En el Nueva York de inicios del siglo XXI vive un
anciano, retirado, en un pequeño apartamento, cercano a
Trinity Church. No tiene a nadie de quien ocuparse, ni tiene
nadie que se ocupe de él. Sólo sale una vez al mes
a la calle, para recoger su cheque de
jubilado y comprar sus magras provisiones. Podría decirse
que es un desecho del siglo XX, que sólo espera la muerte.

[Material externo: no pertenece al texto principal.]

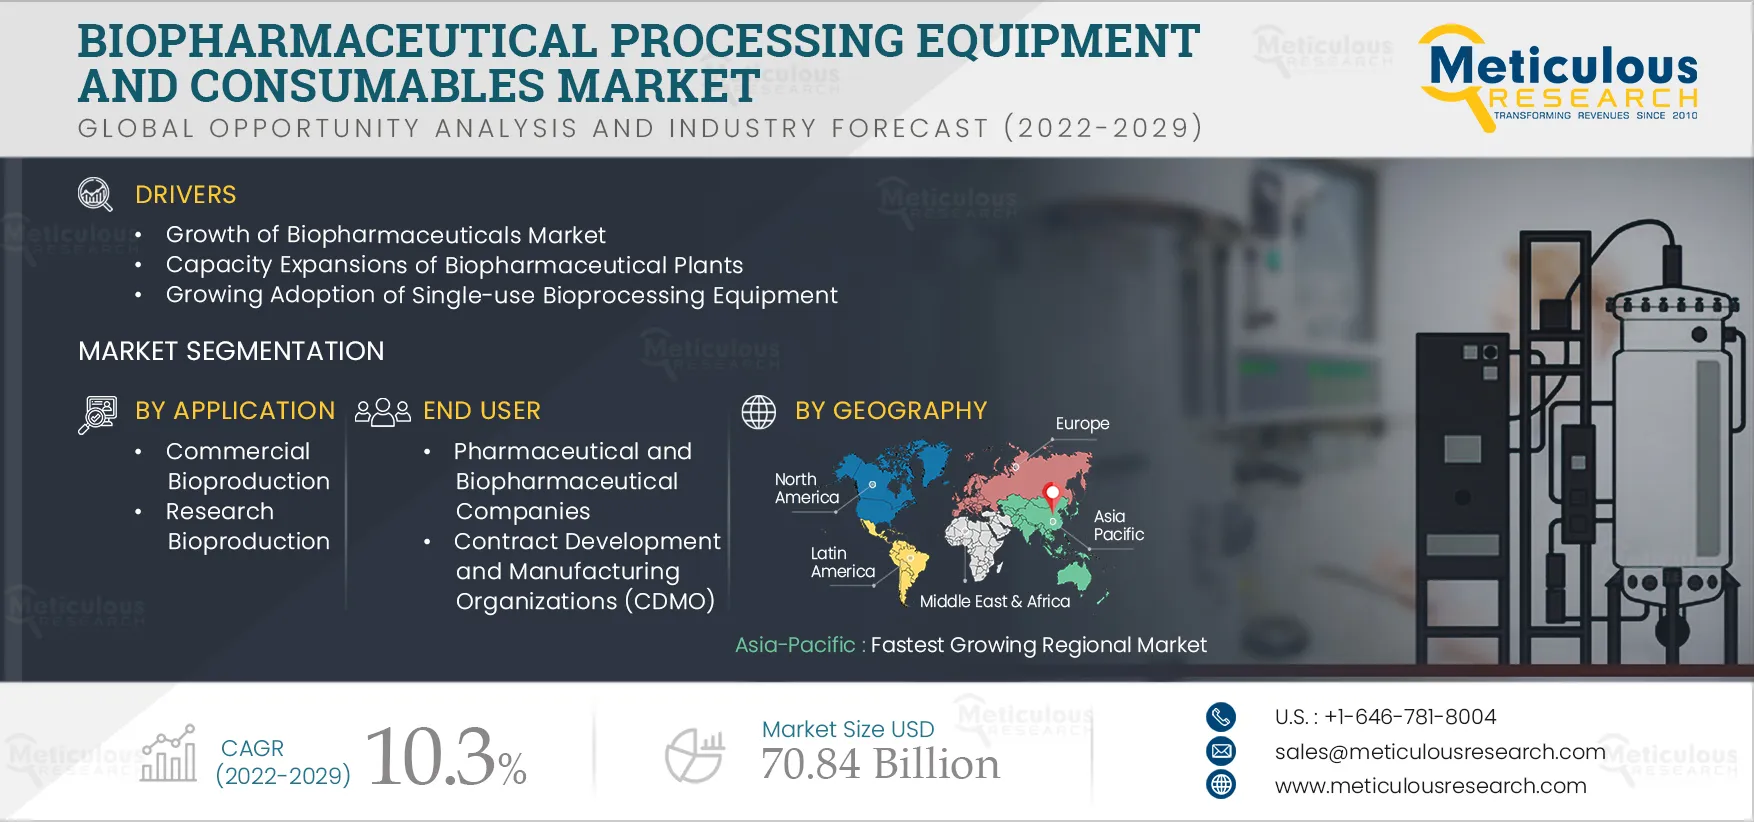 Biopharmaceutical Processing Equipment and Consumables Market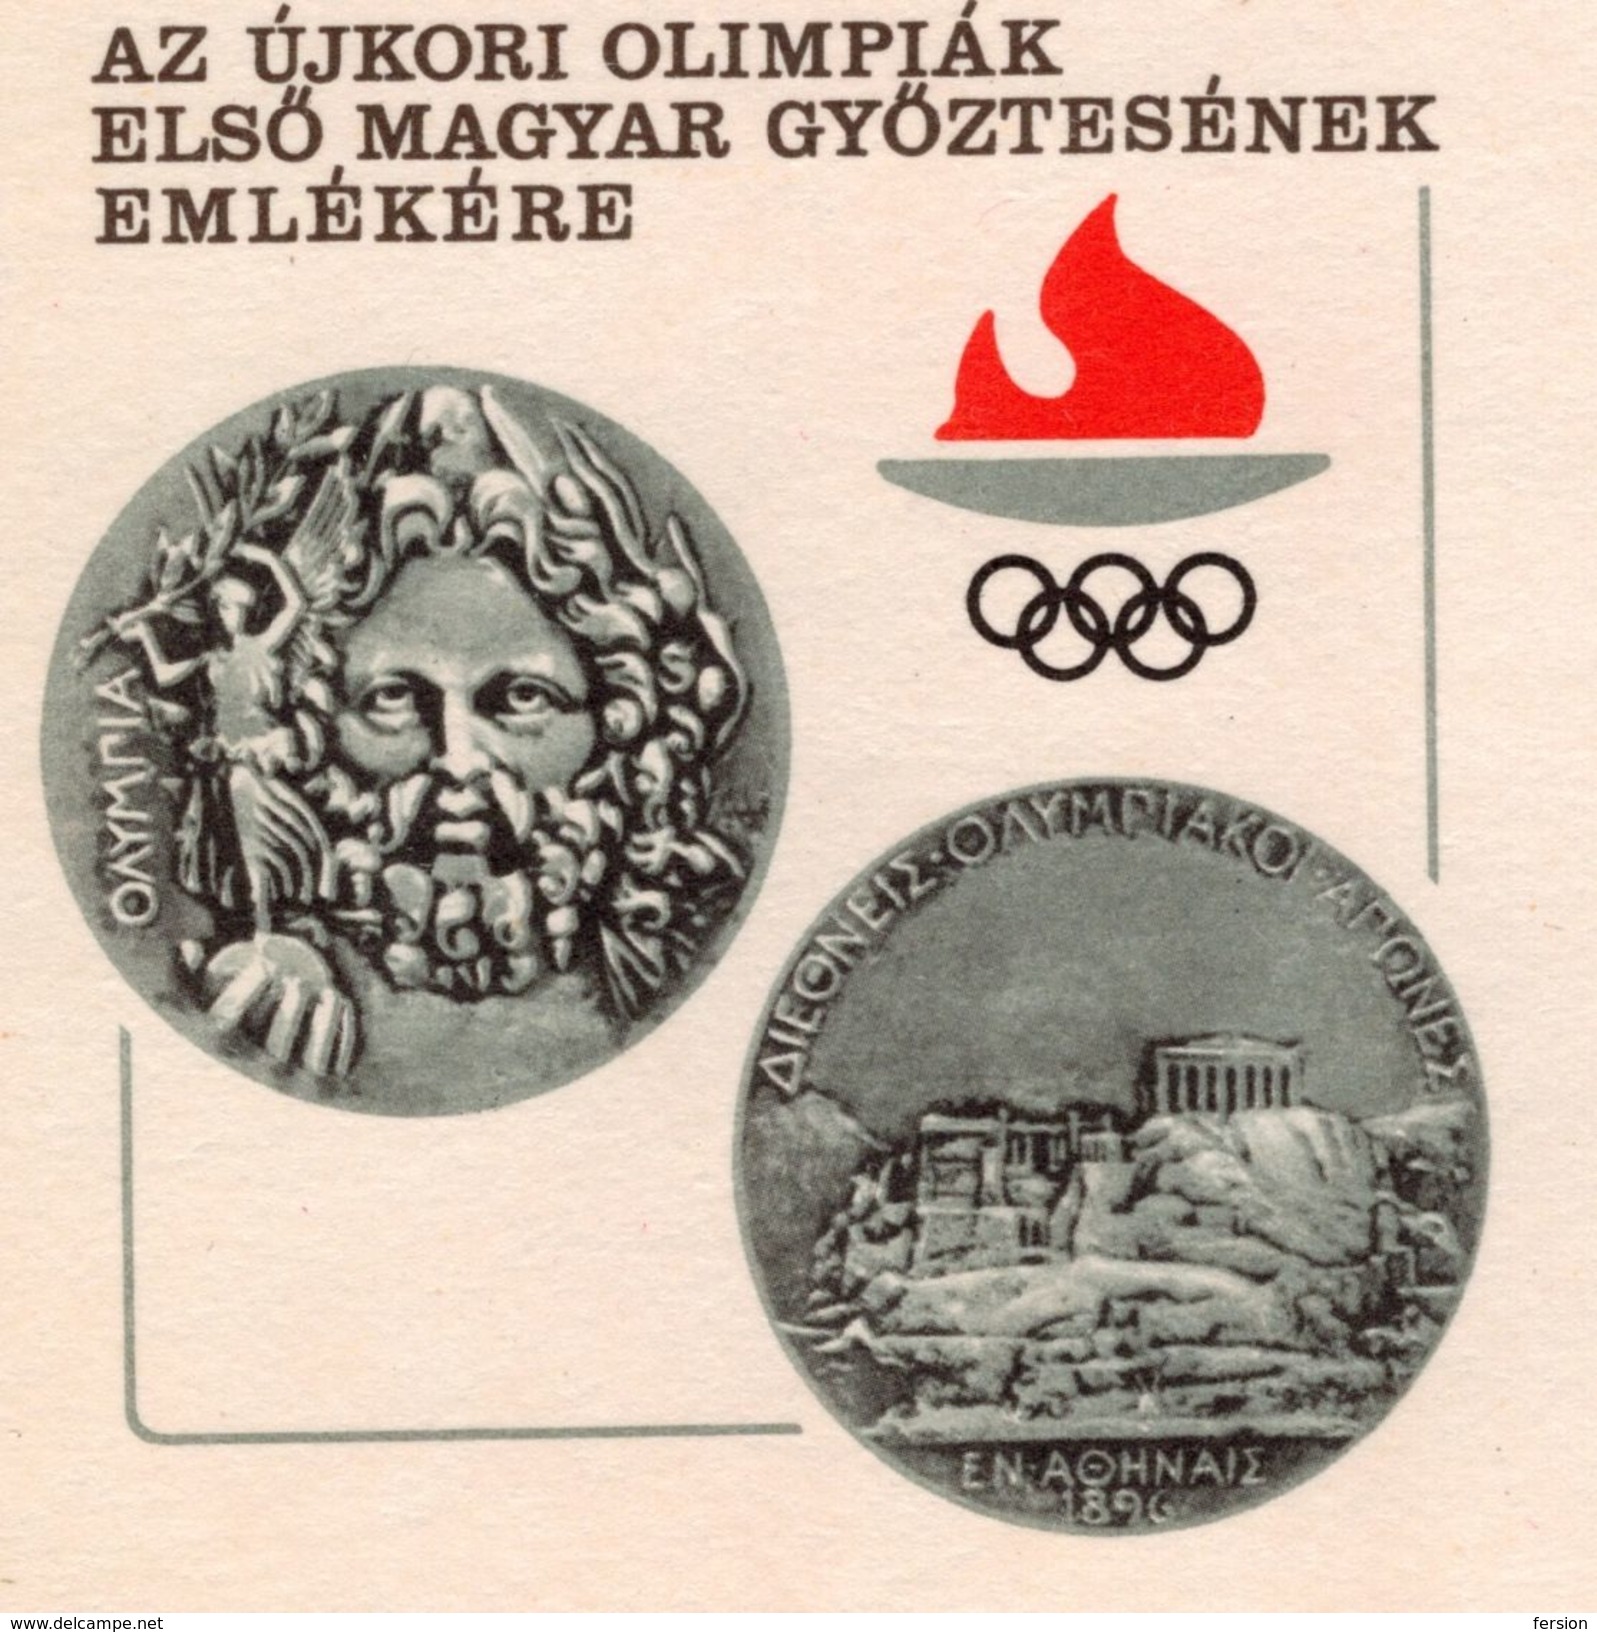 1980 1996 HUNGARY - 1st Hungarian Olympic Champion - ATHENS ACROPOLIS 1896 - Hajos Alfred - STATIONERY - POSTCARD - Ete 1896: Athènes

Pero todo está por cambiar. Viene el ataque a las Torres
Gemelas, y él, por increíble que parezca, no se
entera. A esa hora dormía. Sólo escuchó, a
los lejos en sus sueños, una gran estruendo y
griterío afuera; pero eso era lo ordinario en la Gran
Manzana. No le puso atención; ni siquiera se levantó
para ir a ver por la ventana. En la ventana, por cierto,
tenía el anciano una pequeña planta, que cuidaba
con cariño. Pero la plantita no prosperaba; más
bien, parecía que, al igual que él, pronto
moriría. A la mañana siguiente (12 de septiembre),
el viejo se despertó, y se dirigió a la ventana, a
ver cómo seguía su plantita. Notó, para su
sorpresa, que estaba "reanimada", con las hojitas levantadas y de
un verde claro saludable. Notó que le entraba más
luz que de
costumbre, y abrió súbitamente la ventana. Un poco
sorprendido, vio que ya no estaban las Torres Gemelas.
Admito que es una manera un poco cruel de dejar claro un
punto: que la vida (la vida auténtica, no la artificial
que a veces llevamos, conectados a Internet y esas cosas)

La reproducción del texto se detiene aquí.